SD5329 : The Preston Martyrs
taken 16 years ago, near to Preston, Lancashire, England
The Preston Martyrs
This statue commemorates four workers – George Sowerbutts, a 19 year old weaver from Chandler Street employed at Gardner’s Mill, Bernard McNamara, a cotton stripper aged 17 from Birk Street employed at Oxendale’s mill, William Lancaster aged 25 and John Mercer aged 27, a handloom weaver from Ribbleton Lane – who on 13th August 1842, at this end of Lune Street, in the presence of the Chief Constable and the Mayor, were shot by troops of the 72nd Highlanders.
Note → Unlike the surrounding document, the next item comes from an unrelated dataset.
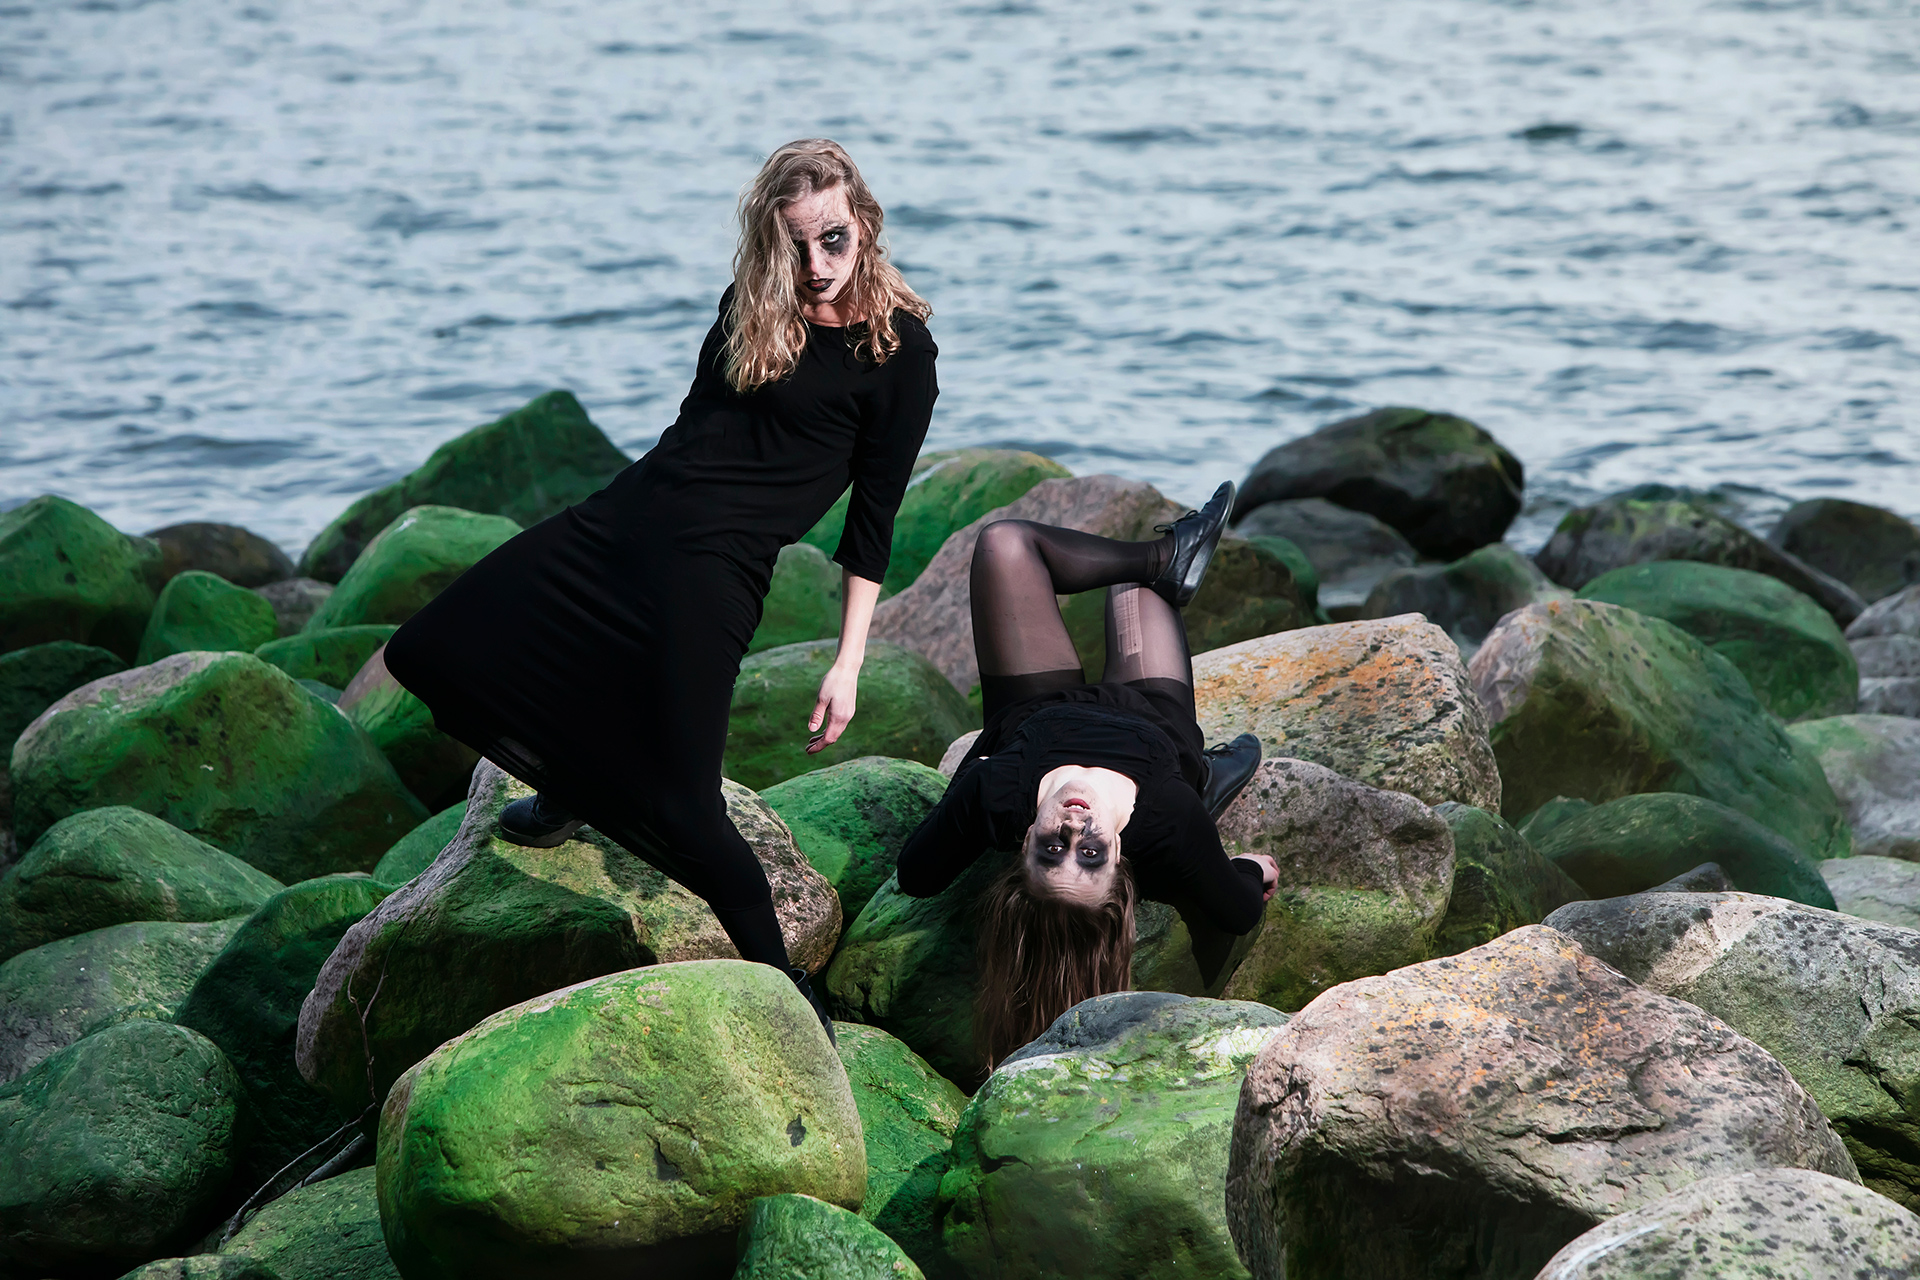 Sonia Haga, Stella Laine, Lauttasaari, Suomi, Finland, island, Helsinki, art, model, swan, daemon, dark, aesthetics, Baltic sea, green stones

All four young workers died between one and six days after the shooting – death from gunshot wounds in those days was seldom instant.
As one of the leading centres of the industrial revolution, Preston was also a centre of class conflict – vividly portrayed in Dickens’ Hard Times, published in 1854. The late 1830s and early 1840s were a period of intense industrial and political struggle, which came to a head in a combination of factory strikes and Chartist agitation for Parliamentary reform that swept the country following the rejection of the People’s Charter by the House of Commons in 1842. In Preston this took the form of a head-on collision between strikers and the authorities on 12th and 13th August, of which the shootings were the awful culmination. Whether planned or not, the four deaths had the desired effect in quelling the agitation.